Publisher: Harper, an imprint of HarperCollinsPublishers
Publication year: 1987
Brief Summary: From HarperCollins-“This clear and appealing science book for early elementary age kids, both at home and in the classroom, introduces basic information about the moon.”
Ideas for using this book in classroom or library – I am not sure what the current market is for science picture books, but I am not sure if this book, while obviously used in the public library setting, would still be in circulation in a school library. However, I do think that this book would be excellent as a visual representation of the phases of the moon that could also be used for older children. The activity in the book would also be something that could be done as a class.
Whatever additional notes you’d like to add about this book and why you liked or didn’t like it – Because I am not sure that this would even be in circulation in a school library, I don’t know that I recommend this one.

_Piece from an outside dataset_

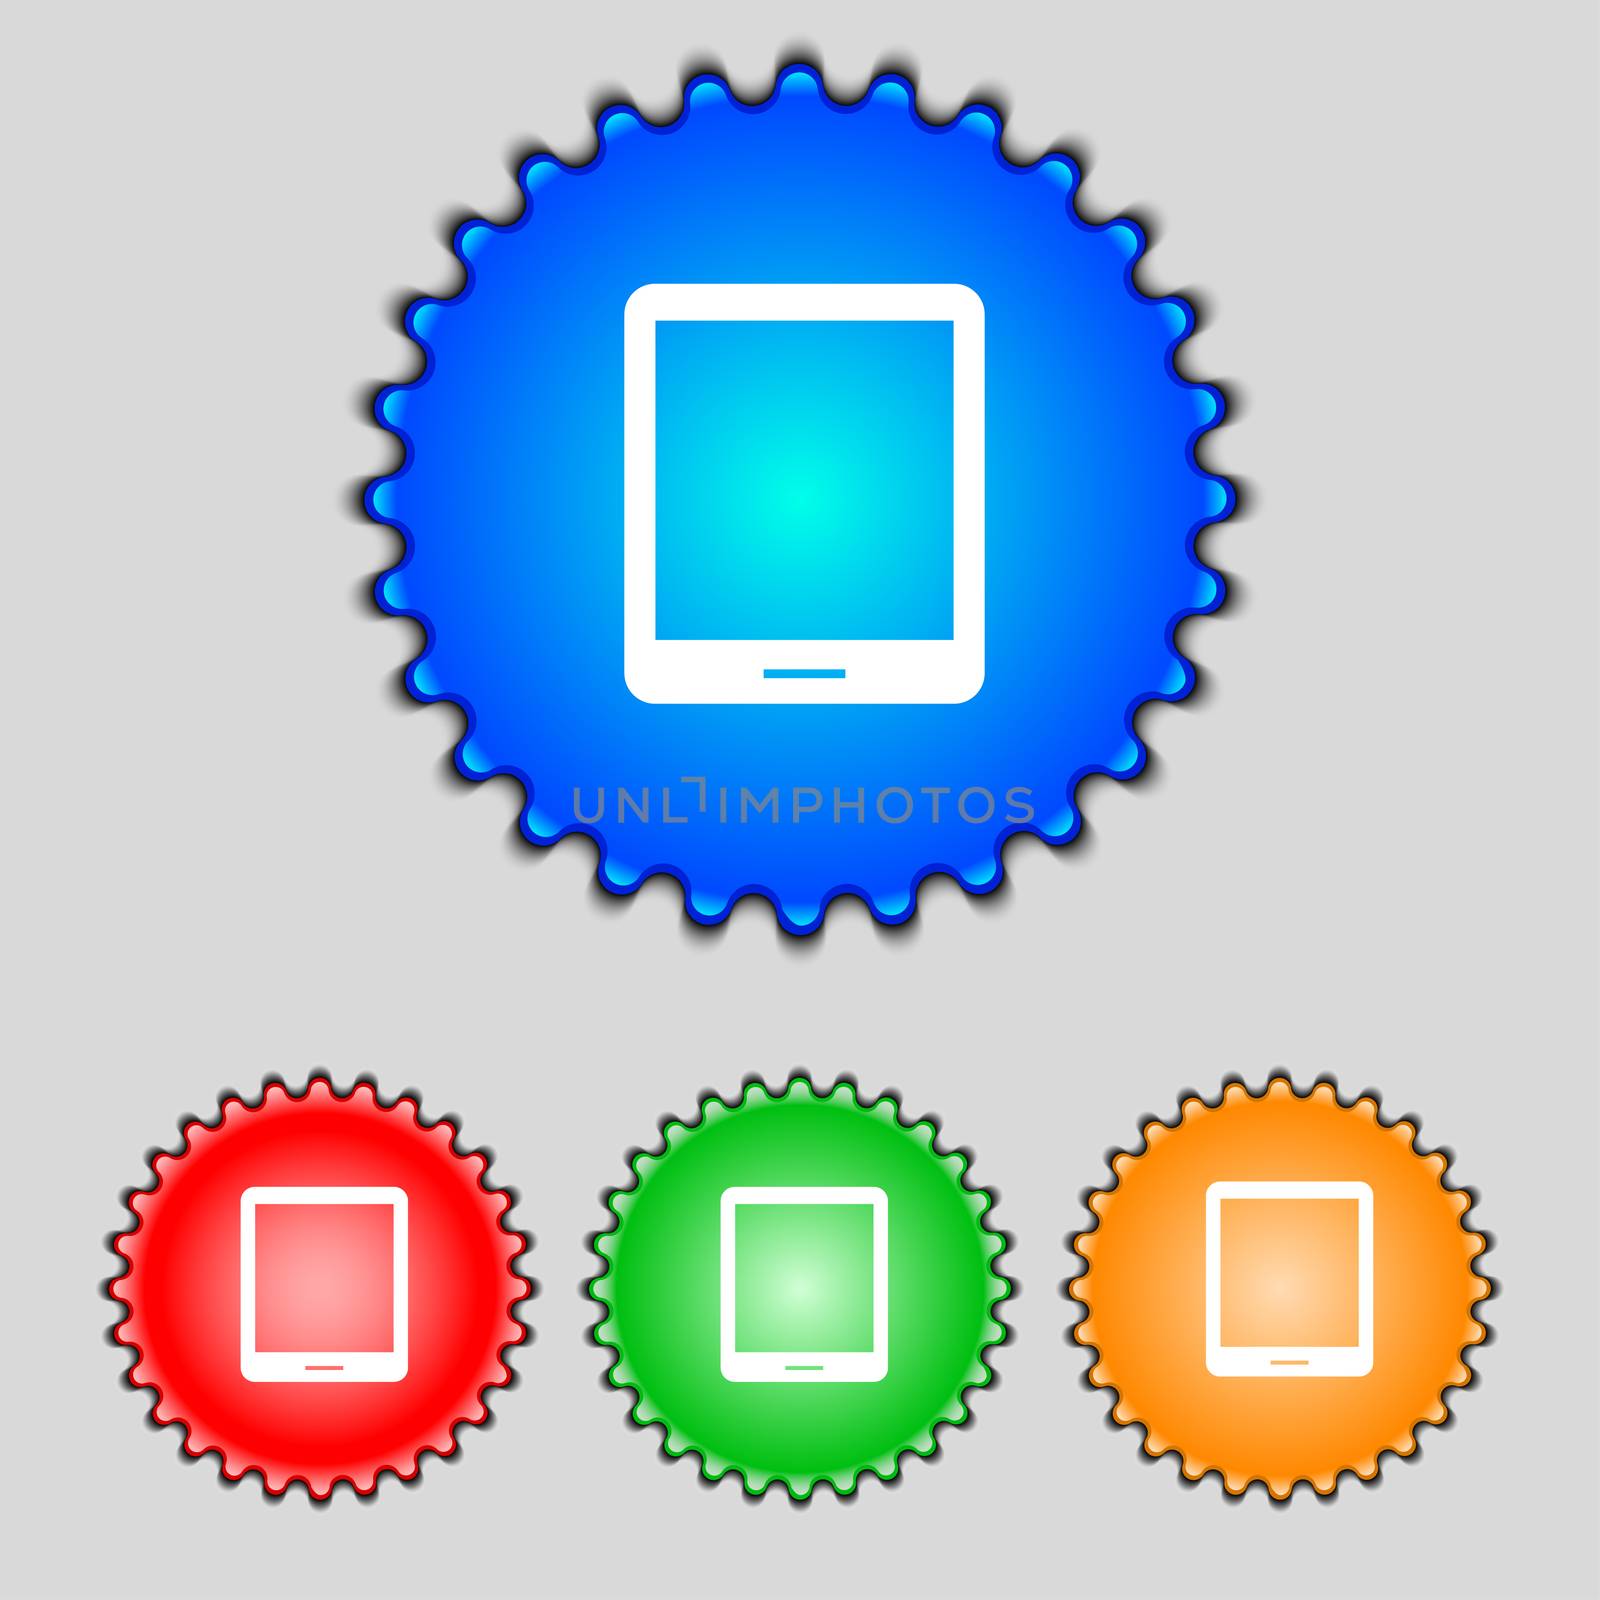 Tablet sign icon. smartphone button. Set colur buttons. illustration

Brief Summary: From Houghton Mifflin-“What is it like to come face-to-face with the ten-foot-tall terror bird? Or stare into the mouth of the largest meat eater ever to walk the earth? Can you imagine a millipede that is more than six feet long, or a dinosaur smaller than a chicken? In this “actual size” look at the prehistoric world, which includes two dramatic gatefolds, you’ll meet these awe-inspiring creatures, as well as many others.”
Ideas for using this book in classroom or library – This book would be great for young children to get familiar with prehistoric animals. This book could be used in a science class also. I also think that this book could be used for older children too, not just young children.

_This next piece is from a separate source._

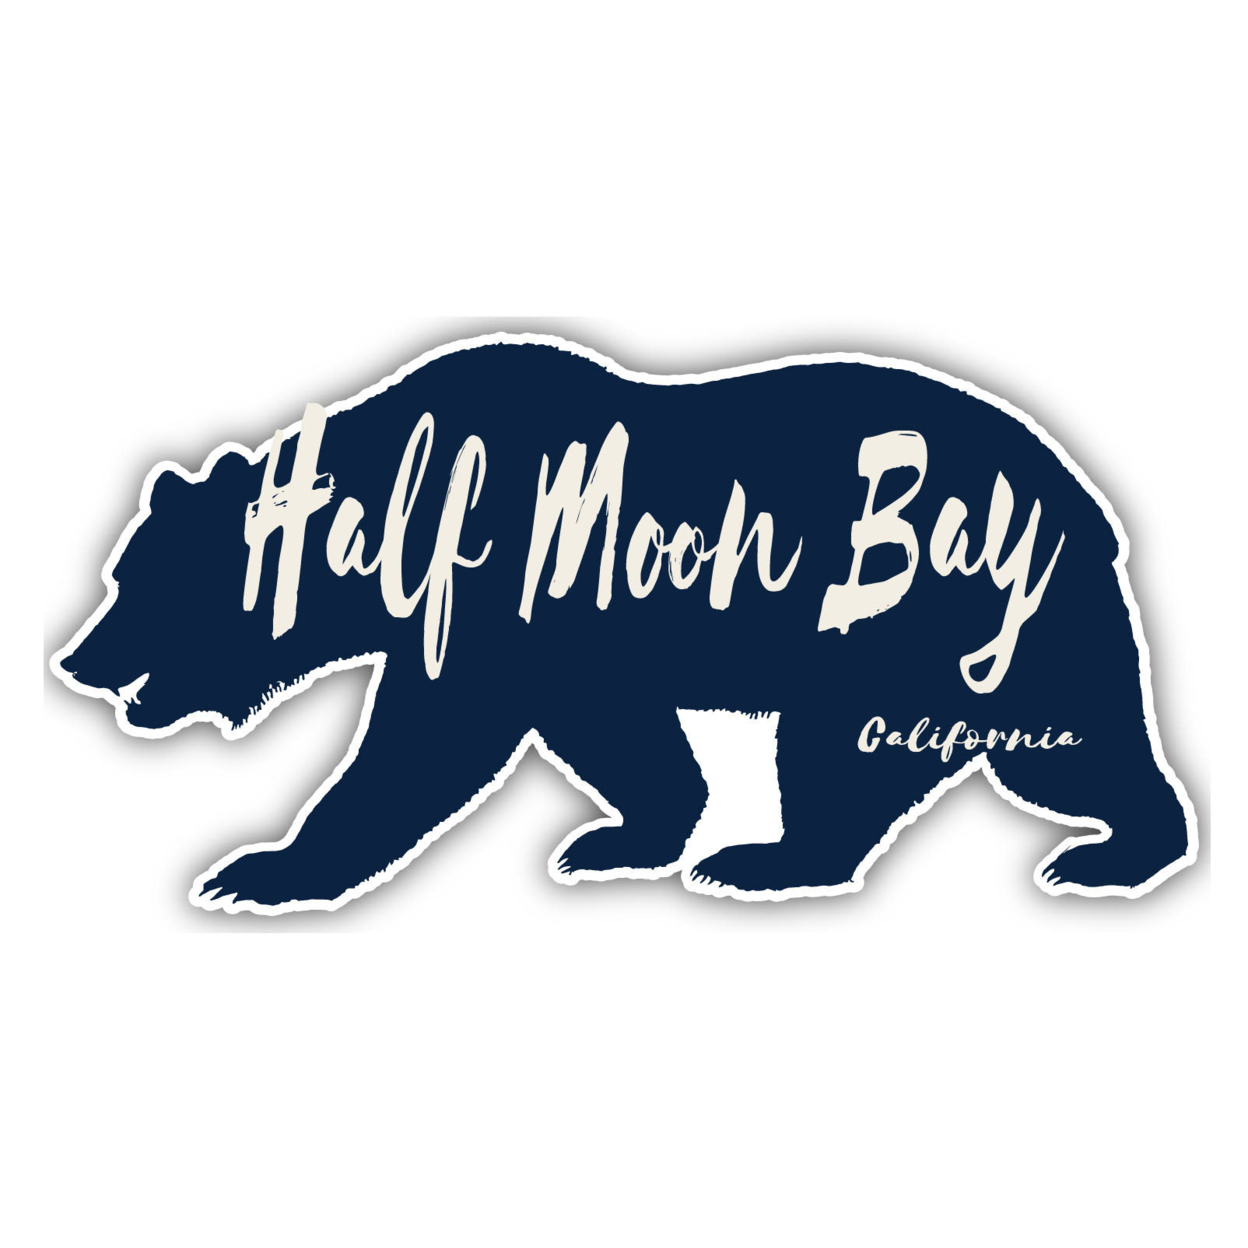 Half Moon Bay California Souvenir Decorative Stickers (Choose Theme And Size) - 4-Pack, 6-Inch, Tent

Whatever additional notes you’d like to add about this book and why you liked or didn’t like it – I think children who are interested in science, or young children who are fascinated by dinosaurs will find this picture book interesting. I like the colorful, some full-size illustrations as well.
Publisher: A Richard Jackson Book, Atheneum Books for Young Readers, an imprint of Simon & Schuster
Publication year: 2009
Brief Summary: From Simon & Schuster-“Simply told, grandly shown, and now with eight additional pages of brand-new art and more in-depth information about the historic moon landing, here is the flight of Apollo 11. Here for a new generation of readers and explorers are the steady astronauts clicking themselves into gloves and helmets, strapping themselves into sideways seats. Here are their great machines in all their detail and monumentality, the ROAR of rockets, and the silence of the Moon. Here is a story of adventure and discovery—a story of leaving and returning during the summer of 1969, and a story of home, seen whole, from far away.”
Ideas for using this book in classroom or library –Much like in Locomotive, I think this book could be used in a social sciences class, in history class, or of course in a science class. This book is great for introducing children to the first steps on the moon and giving an great overview of the different steps to space.
Whatever additional notes you’d like to add about this book and why you liked or didn’t like it –I liked the instructional panels in the front of the book that shows the different parts of the spaceship. Floca’s use of different text, much like in Locomotive, I feel this would keep children’s attention.